Change Data Capture (CDC) vs. Business Event Pipelines

As more and more of software is shifting to rely on large amounts of data, and relying less and less solely on the request-response cycle, opting instead for event-driven architectures, choosing the right way to track changes and user actions in your system, and presenting users with the data and analytics they want, becomes more relevant.

Both CDC and business event pipelines can be built with service-oriented architectures in mind. They can both use a pub-sub model, allowing for a variety of consumers of the data they produce, but actions taken by users will produce data in different formats, depending on which you choose.

This is not a deep dive into how to implement either (I plan to write more in-depth about both in the future!), but rather a high-level look at what the two are and the differences between them to help you understand why a system might implement both, or to help you choose what is more relevant for your needs.

CDC captures changes made in a database, at the row level, and replicates them to another location, often another database or data store.
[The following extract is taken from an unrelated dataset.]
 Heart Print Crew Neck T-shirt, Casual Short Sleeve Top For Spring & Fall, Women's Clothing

This can either mean that each change is itself tracked so that the trail of how the data in one row got to be in the state that it is in is available, or it can just mean that a separate data store needs to be up to date with the primary one, so changes are replicated there, but any intermediate states are not tracked.

CDC pipelines can be useful for data replication, such as to a data warehouse, or for ETL (Extract, Transform, Load) jobs.
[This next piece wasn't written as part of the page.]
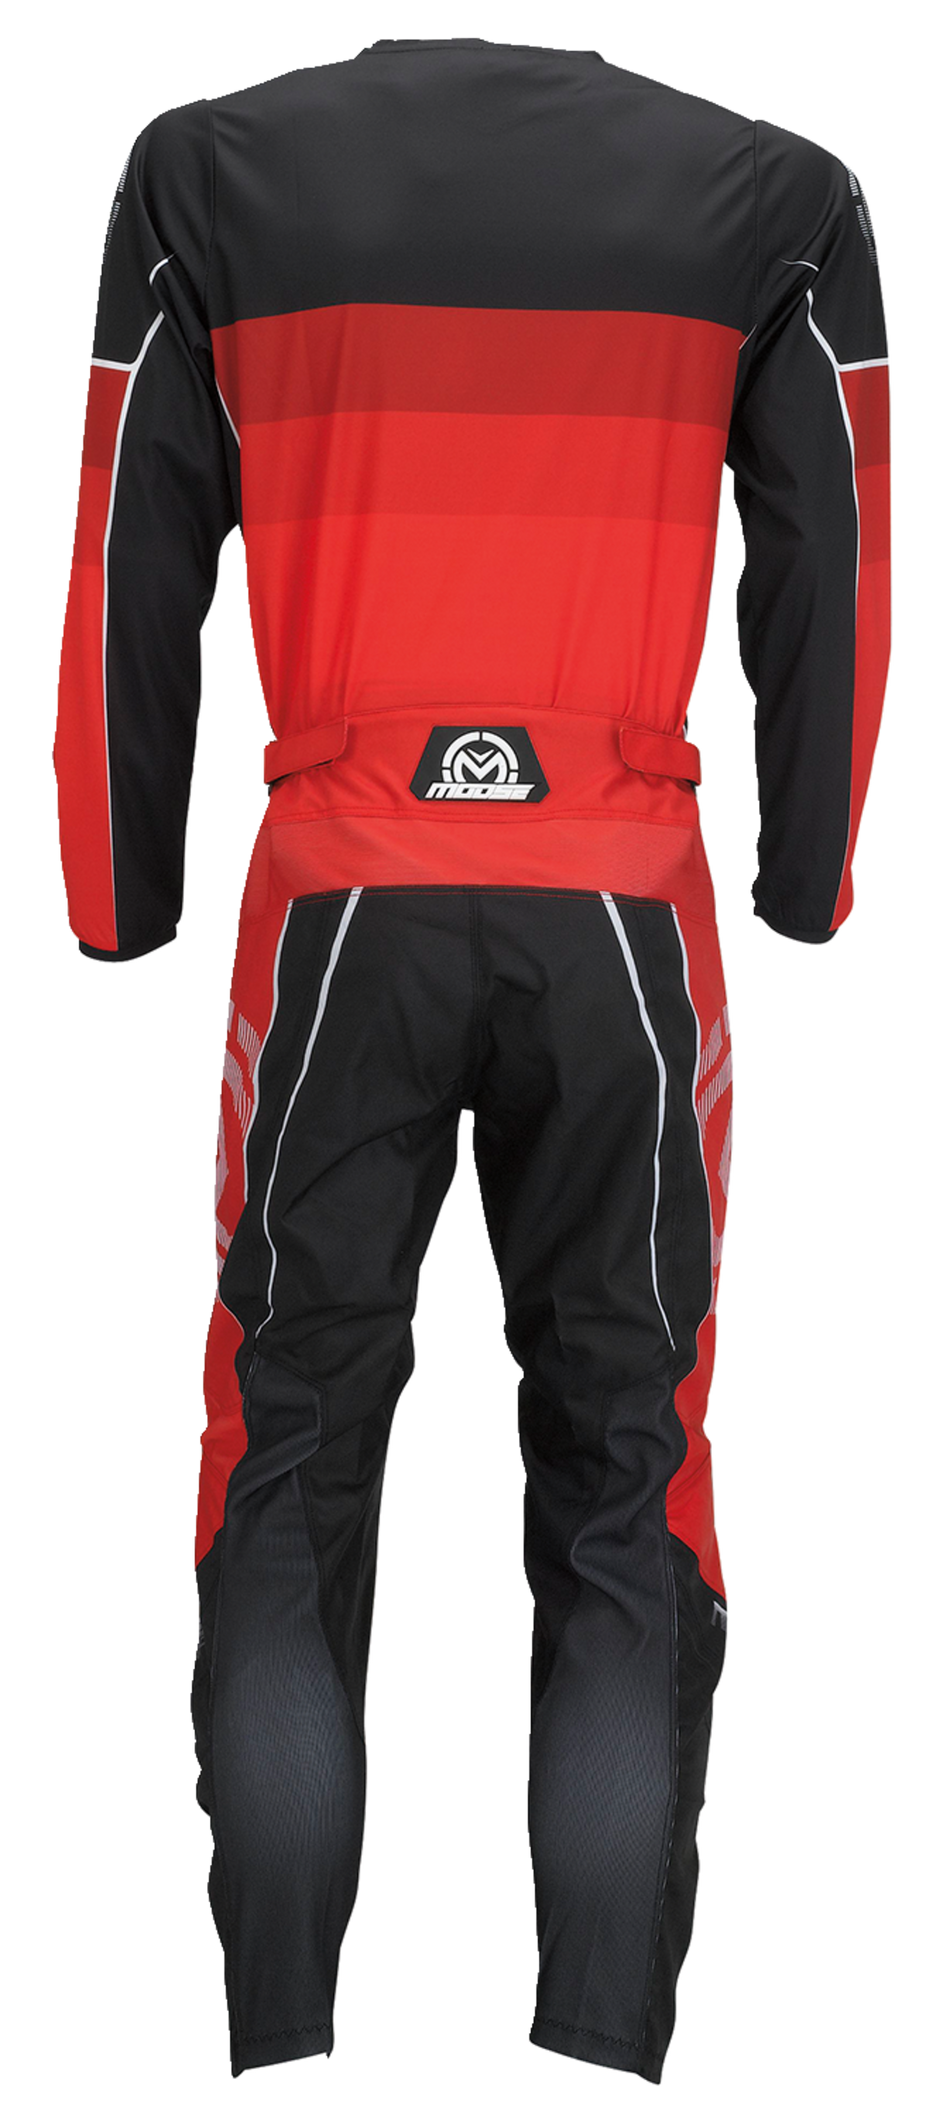 MOOSE RACING Qualifier® Jersey - Red/Black - Small 2910-7180

Because CDC events represent changes to rows in the database, they are typically generated by the database itself. The two most common ways are:

  • Read from the write-ahead log (WAL). This allows for changes to be captured asynchronously, while still providing low-latency.

  • Use database triggers to write changes to a specific table in the database built for storing these changes. This also provides a very low-latency solution, but happens synchronously, which may lead to some performance issues.
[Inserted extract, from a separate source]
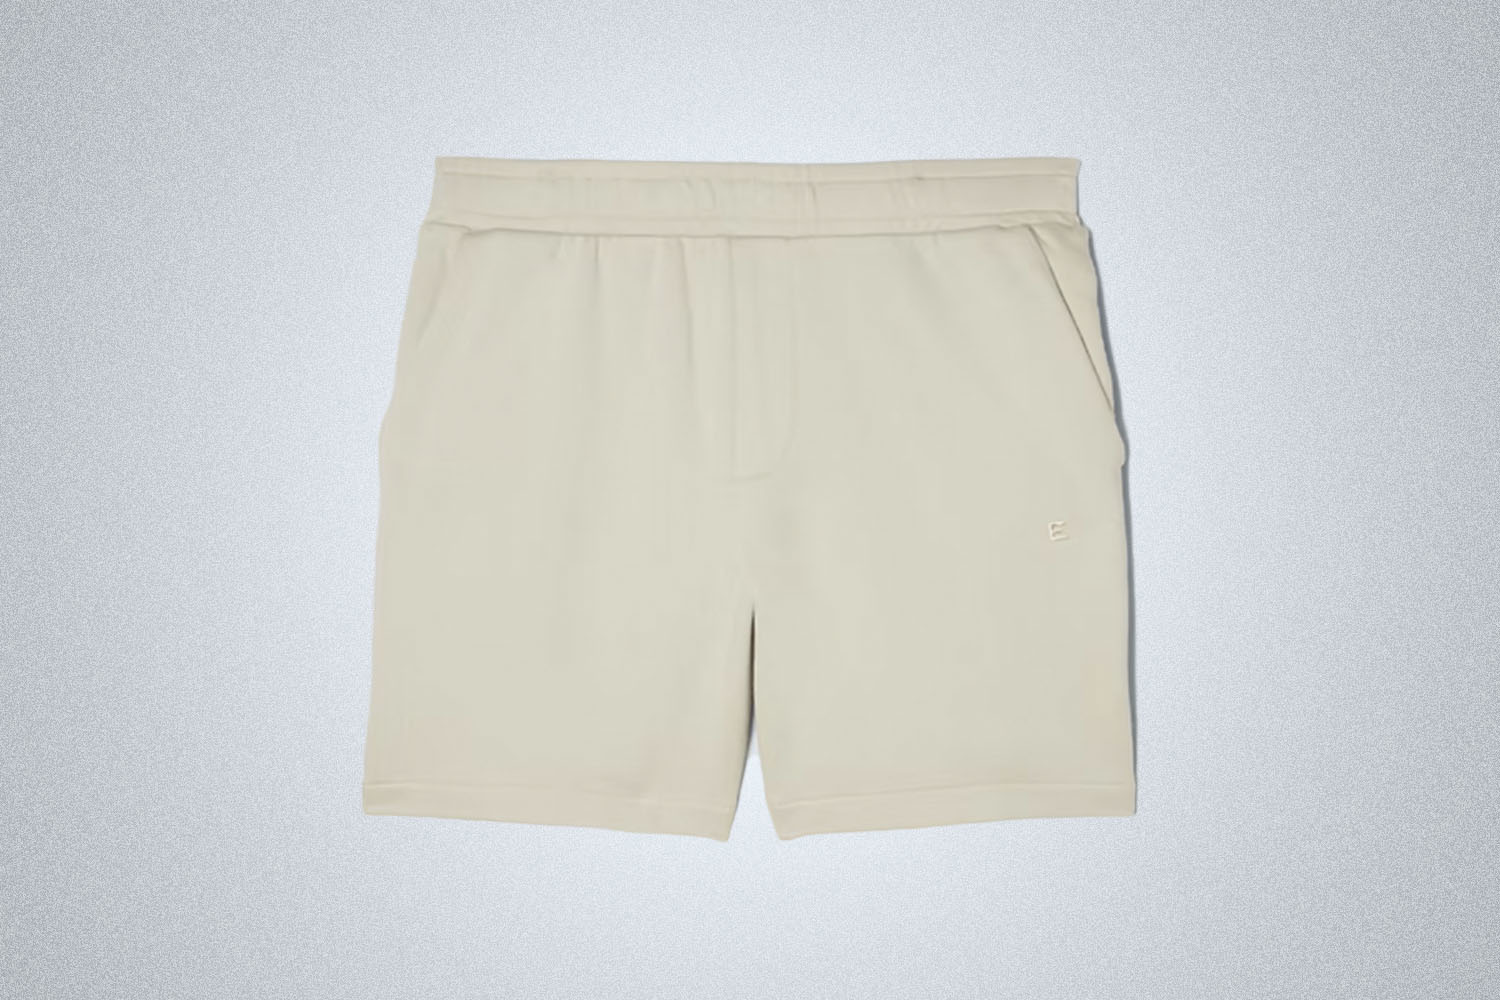 a pair of beige track shorts from Everlane on a grey background

A business event represents a piece of logic that occurs within a system - we’ll dig in with an example shortly, but the changes that are produced by the occurrence of a business event are often not represented by a single row in the database, meaning that changes captured by a CDC pipeline cannot necessarily be cross-purposed to be used as a business event pipeline.

Business event pipelines are good for auditing user behavior, or to trigger other actions within a system based on user behavior. They may also be able to aggregate user actions that touch a variety of systems or services in a way that CDC pipelines cannot (unless the services share a database).

Business events will need to be produced at the application level, since the application stores business logic. As we’ll see in our example below, the database itself cannot know which user event caused any given change, so it cannot be responsible for tracking business events.

Let’s take a bank transaction as an example - a user transferring $100 from one account to another.

If we were using CDC, we might see:

  • Account A’s balance decreased by $100
  • Account B’s balance increased by $100
  • A Transfer record being created with a FK to each account A and B, and a value of $100

If we were tracking business events, we might see something like:

  • “User Z transferred $100 from Account A to Account B”

This demonstrates that in order to determine if a business event has occurred, we would need to identify multiple updated or inserted rows in the database, but also that a single change to a row in the database could indicate any number of business events, and without some additional logic, we wouldn’t necessarily be able to tell which it was. Was that increase of an account balance due to a deposit, interest being earned, or a transfer?